--- SUPPLIED ENTRIES ---
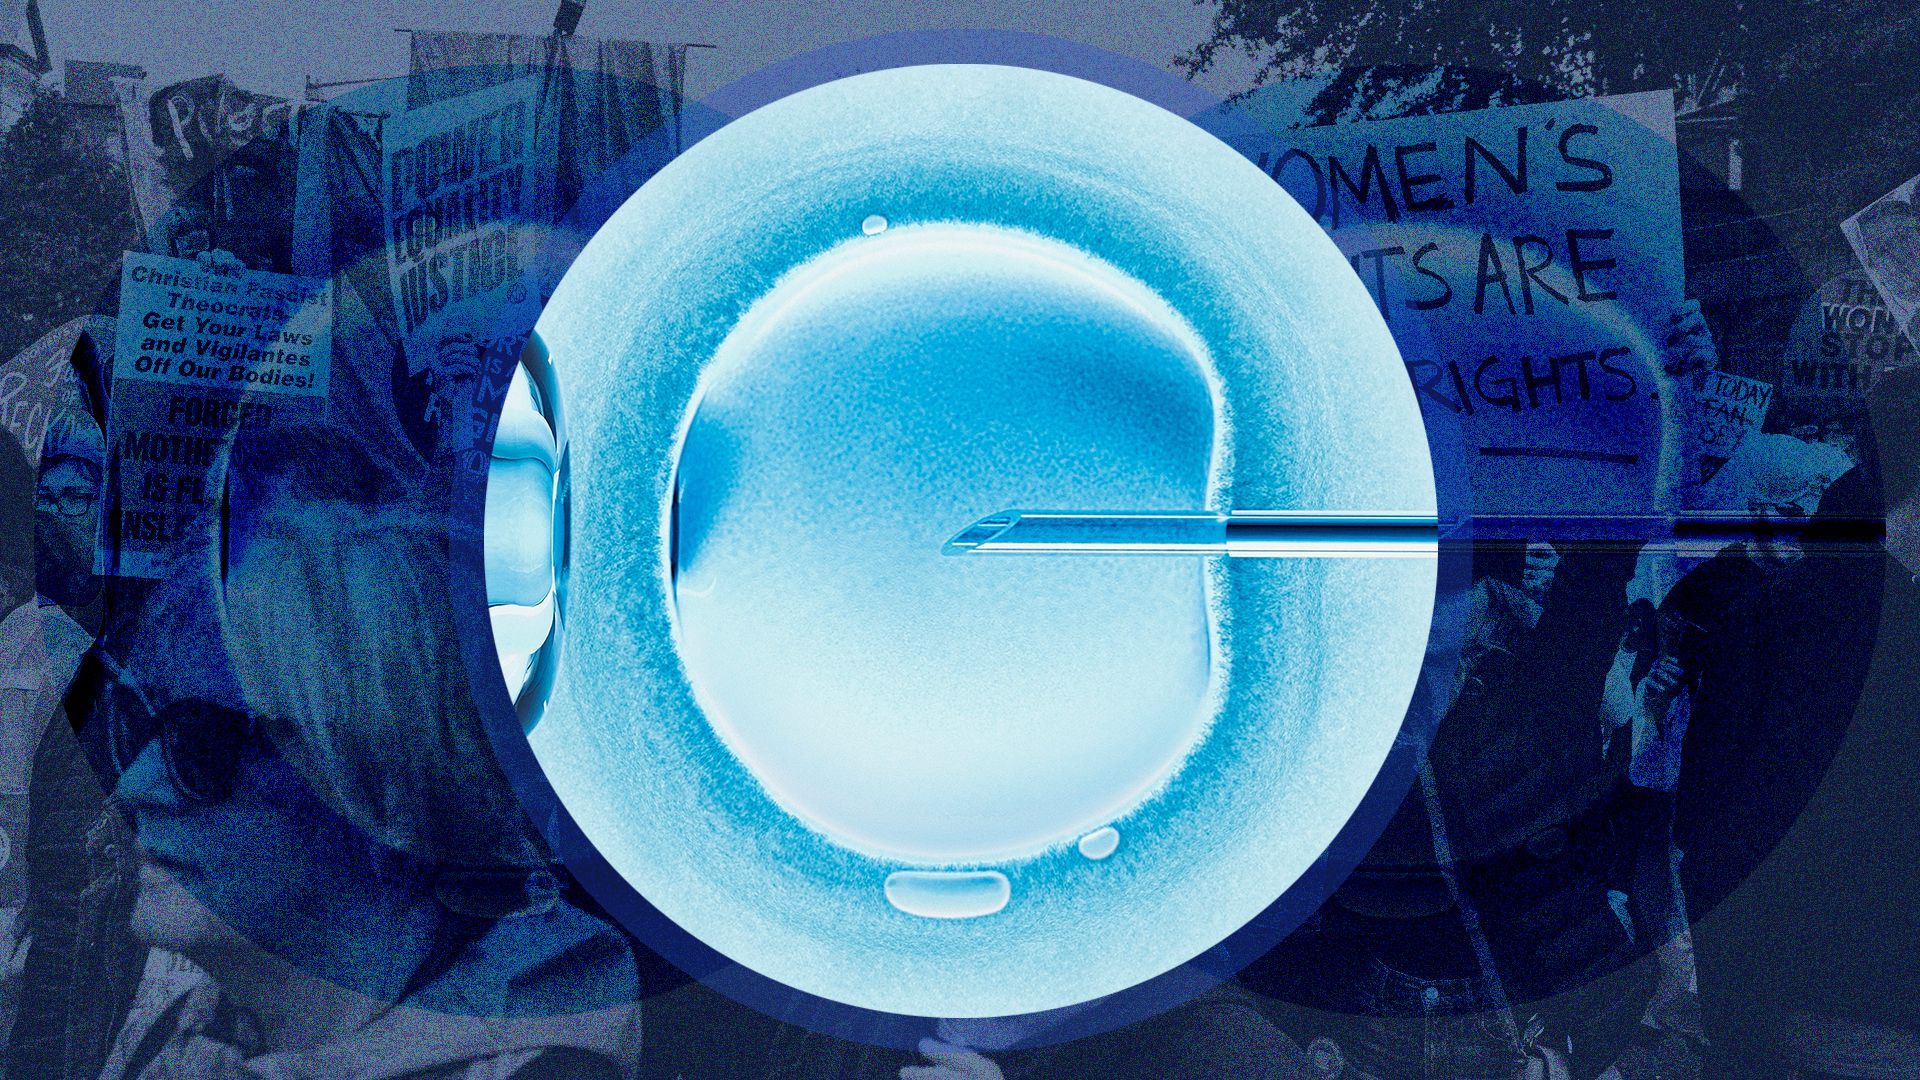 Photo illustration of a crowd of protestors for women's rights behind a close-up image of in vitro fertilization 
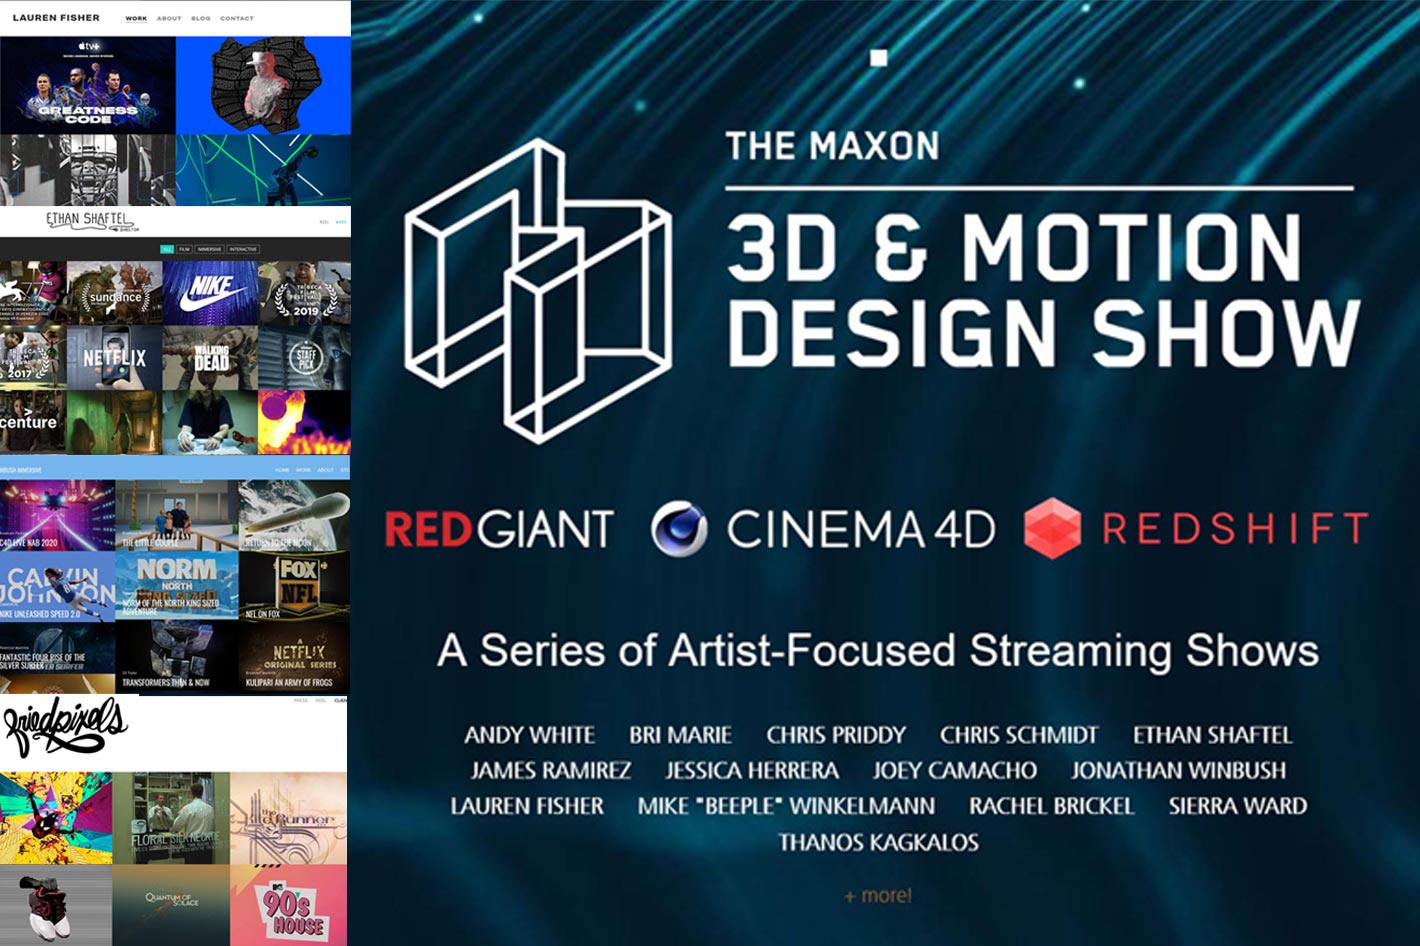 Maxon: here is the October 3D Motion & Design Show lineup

* * *

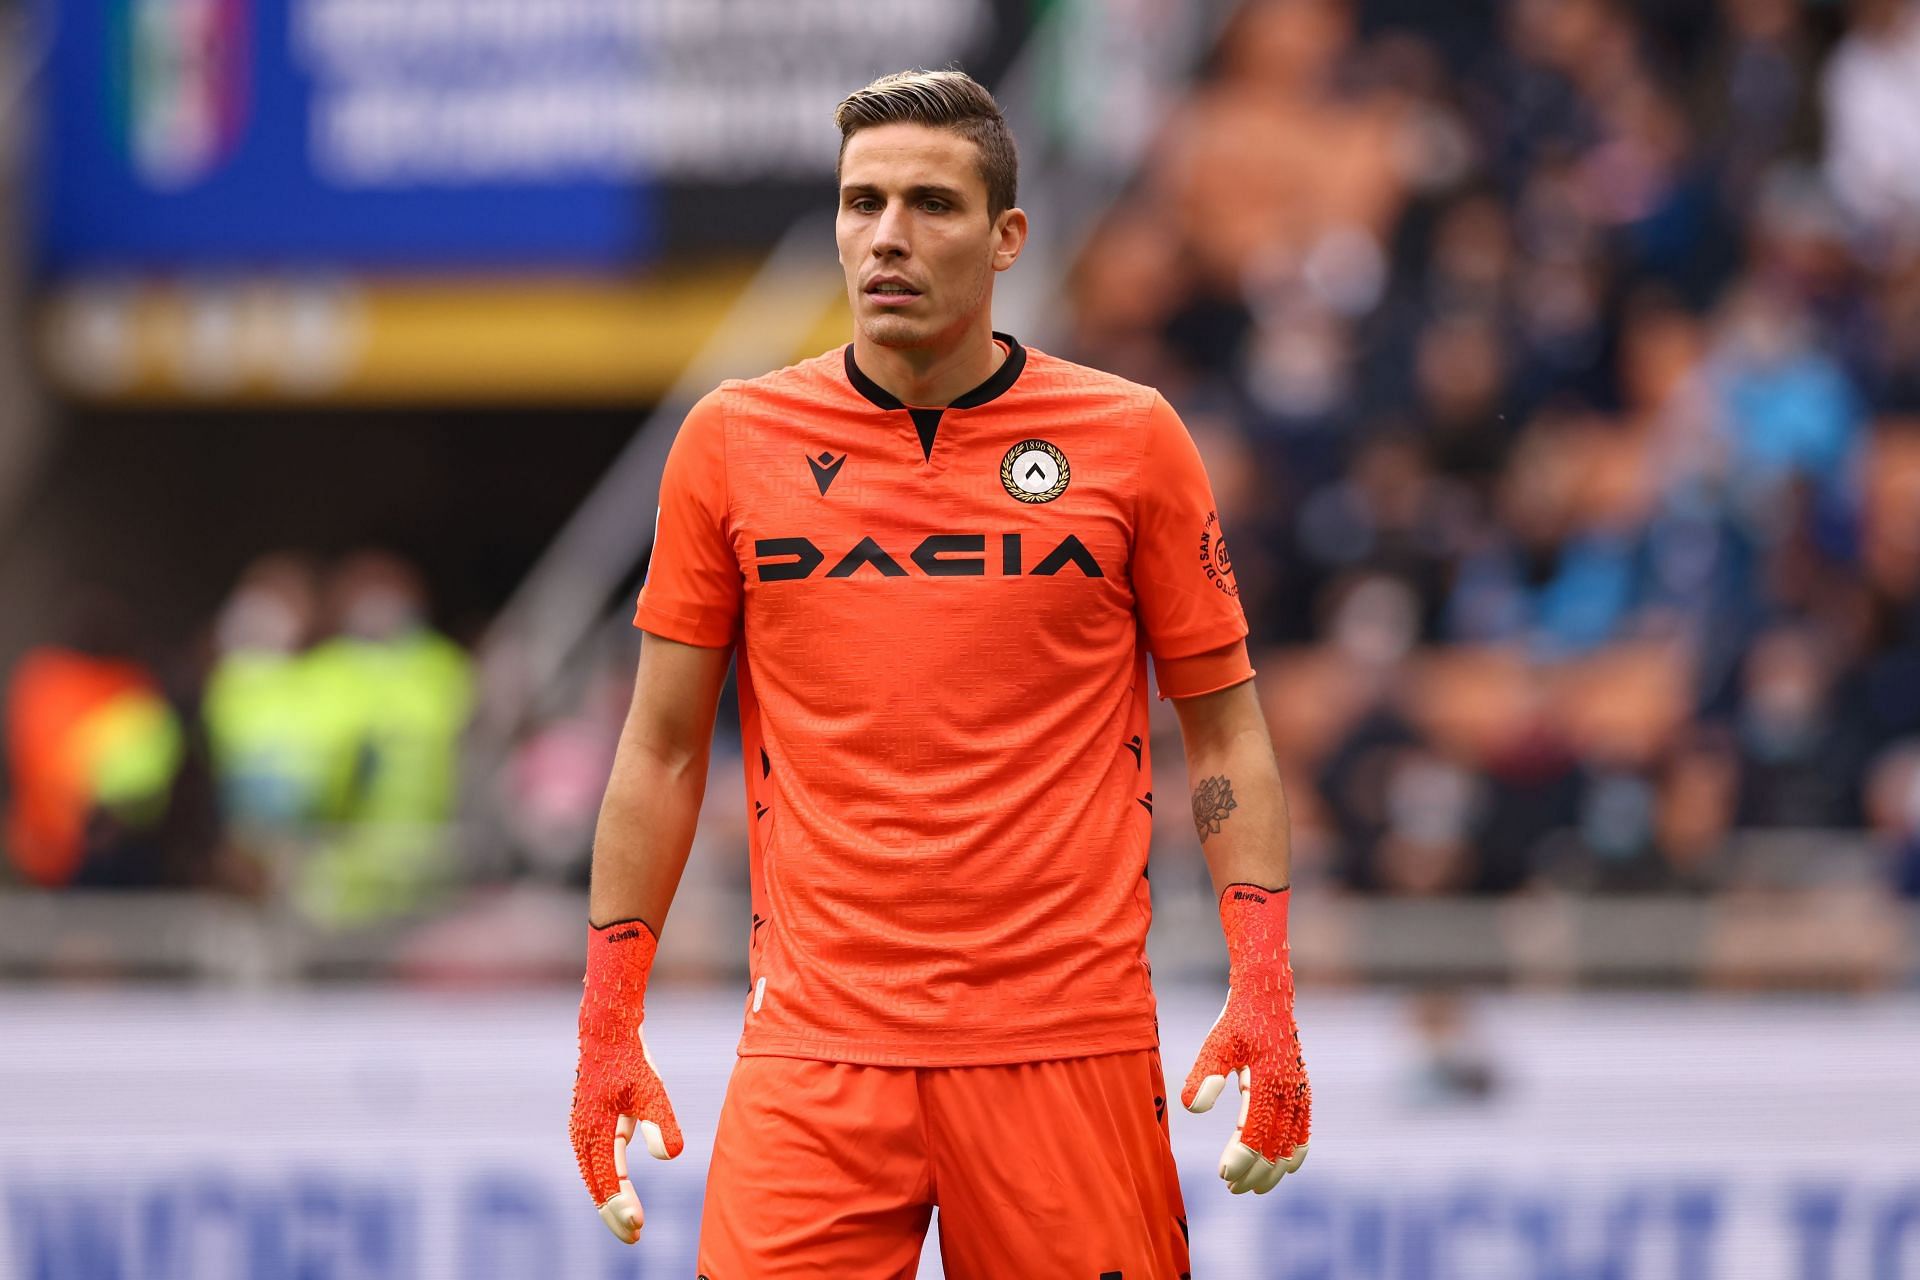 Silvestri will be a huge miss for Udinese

--- PROMPT ---
The material above holds pictures; leave them out. Repeat exactly the lines from the one containing "Photo illustration of" through the one containing "Maxon: here is", and nothing else.

--- SOLUTION BELOW ---
 Photo illustration of a crowd of protestors for women's rights behind a close-up image of in vitro fertilization 
 Maxon: here is the October 3D Motion & Design Show lineup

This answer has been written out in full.